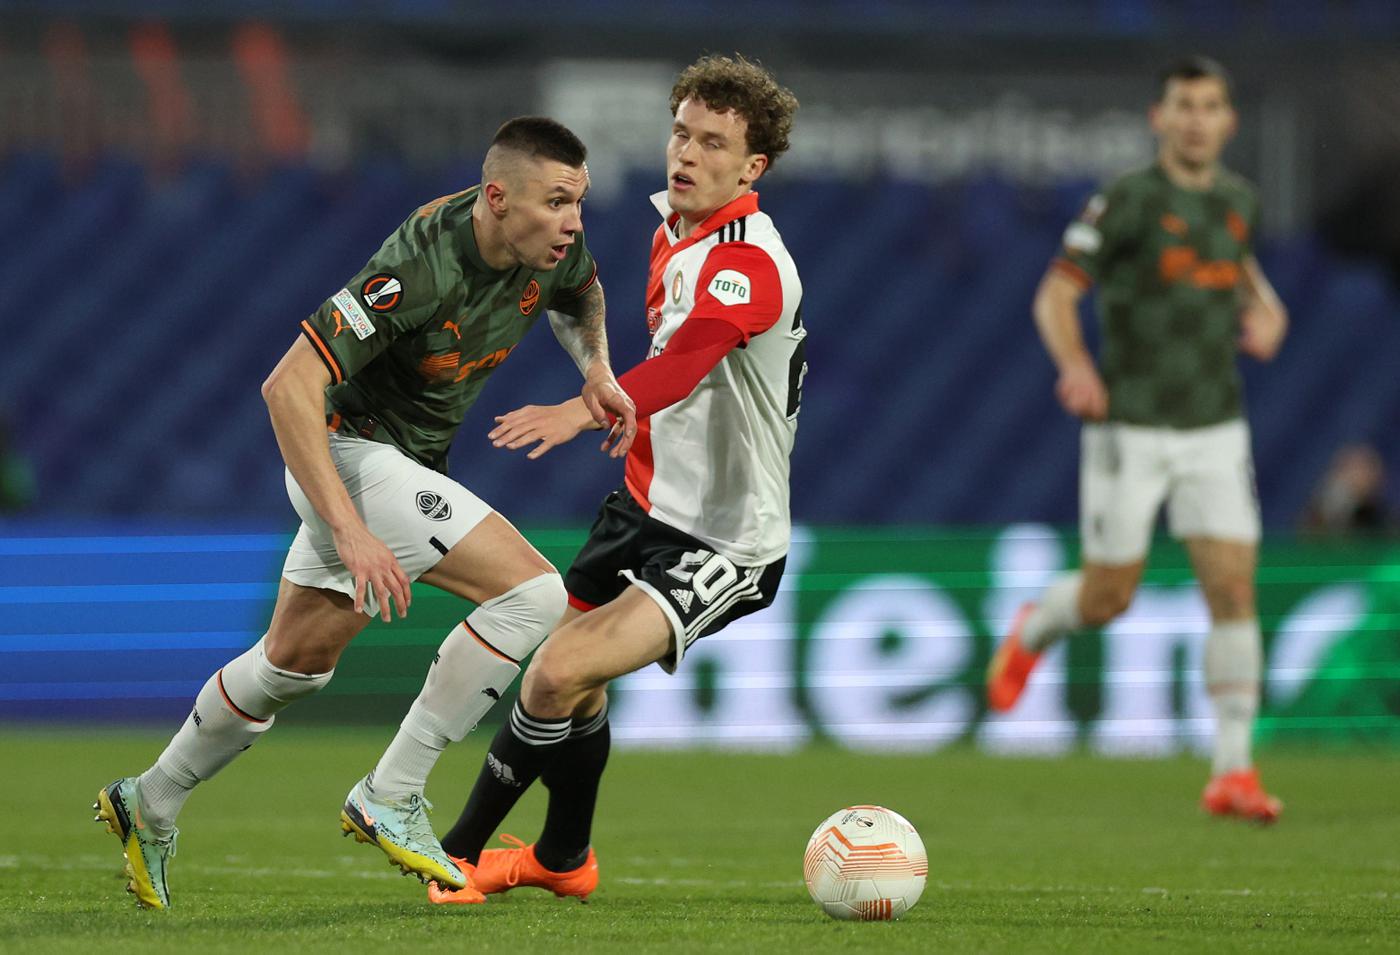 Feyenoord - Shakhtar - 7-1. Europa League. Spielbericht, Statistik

^^^^

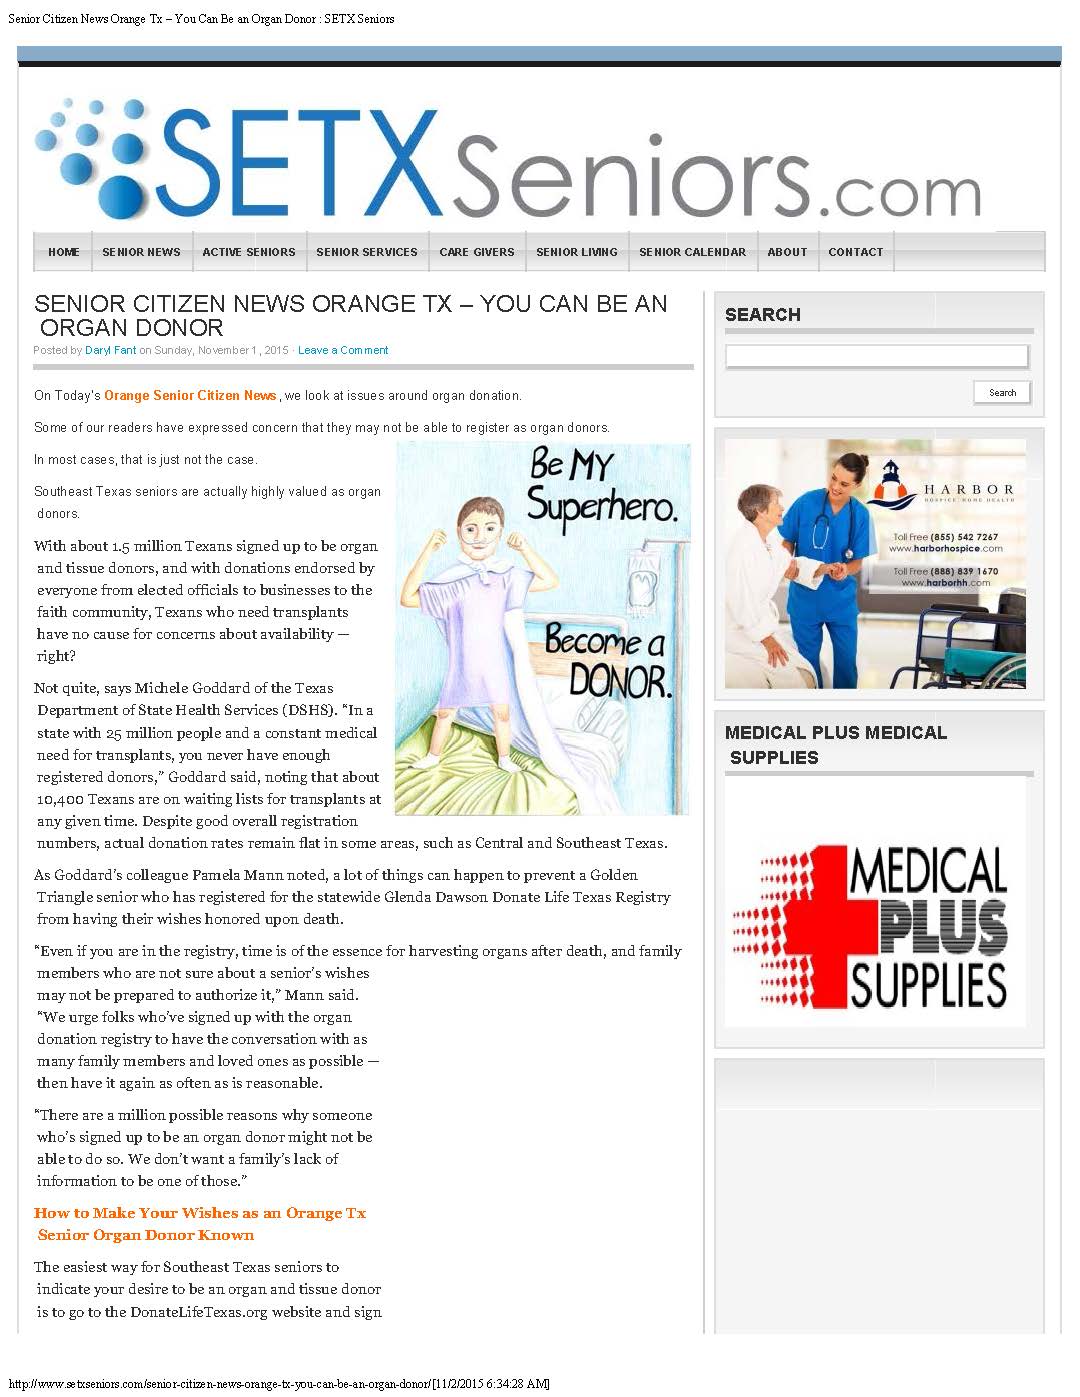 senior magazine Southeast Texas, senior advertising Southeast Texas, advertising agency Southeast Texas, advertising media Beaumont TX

^^^^

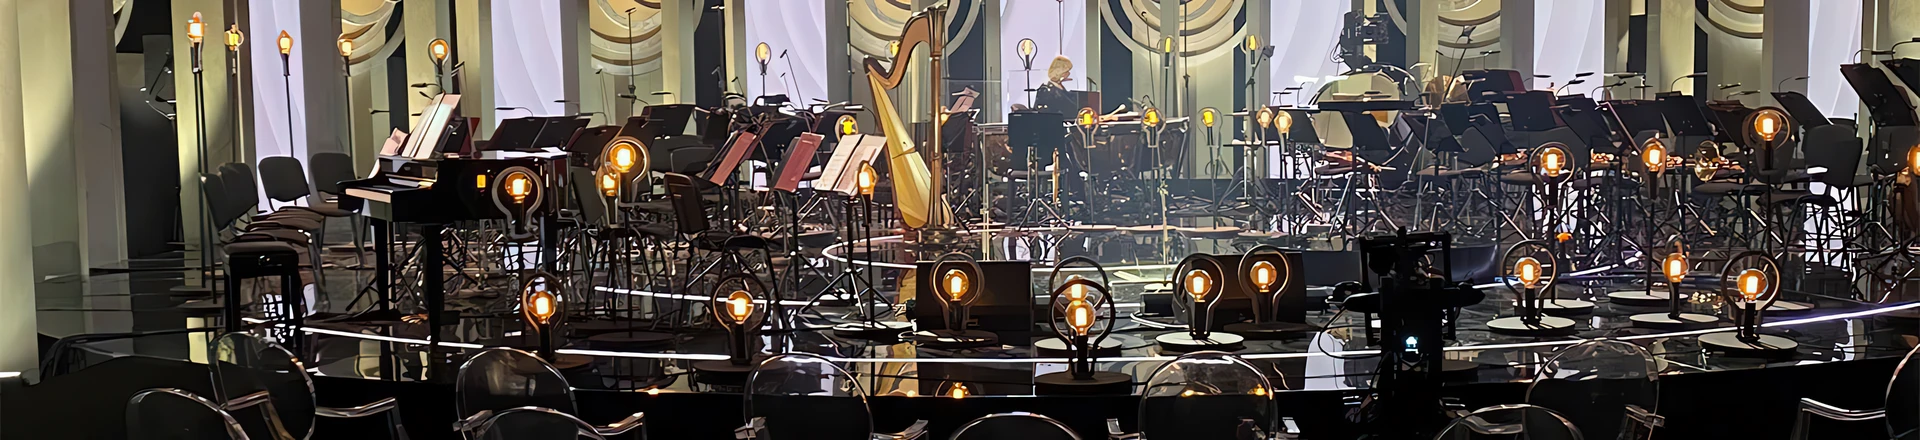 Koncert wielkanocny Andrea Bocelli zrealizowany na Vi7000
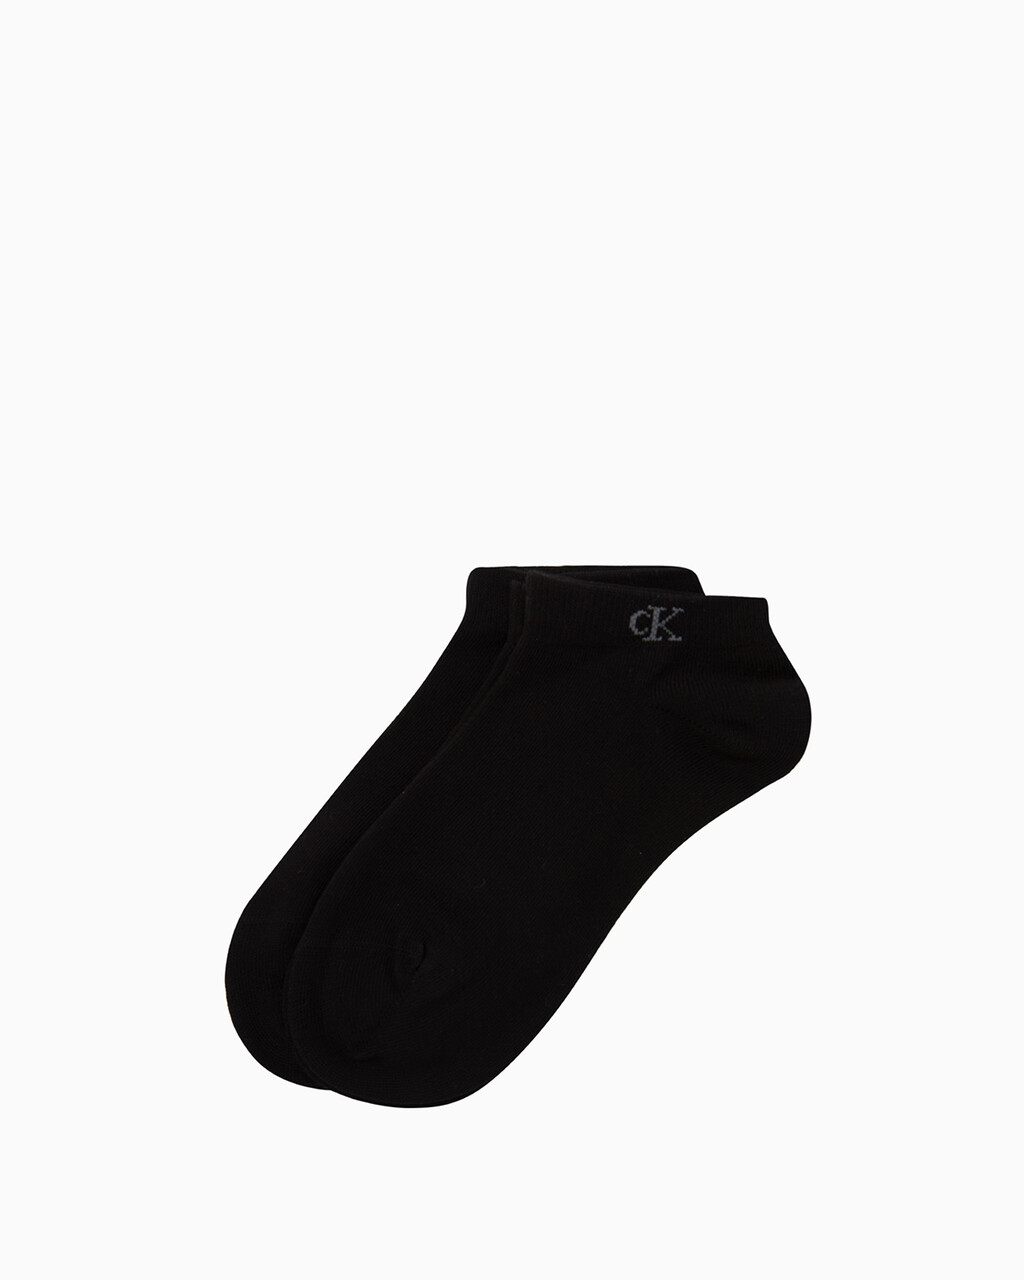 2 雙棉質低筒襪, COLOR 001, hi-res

^^^^

> _PROBLEM TO SOLVE_
Print exactly the lines above that run from the one with "Koncert wielkanocny Andrea" down to the one with "2 雙棉質低筒襪, COLOR 001, hi-res", and omit the pictures.

> _SOLUTION TO THE EXERCISE_
 Koncert wielkanocny Andrea Bocelli zrealizowany na Vi7000
 2 雙棉質低筒襪, COLOR 001, hi-res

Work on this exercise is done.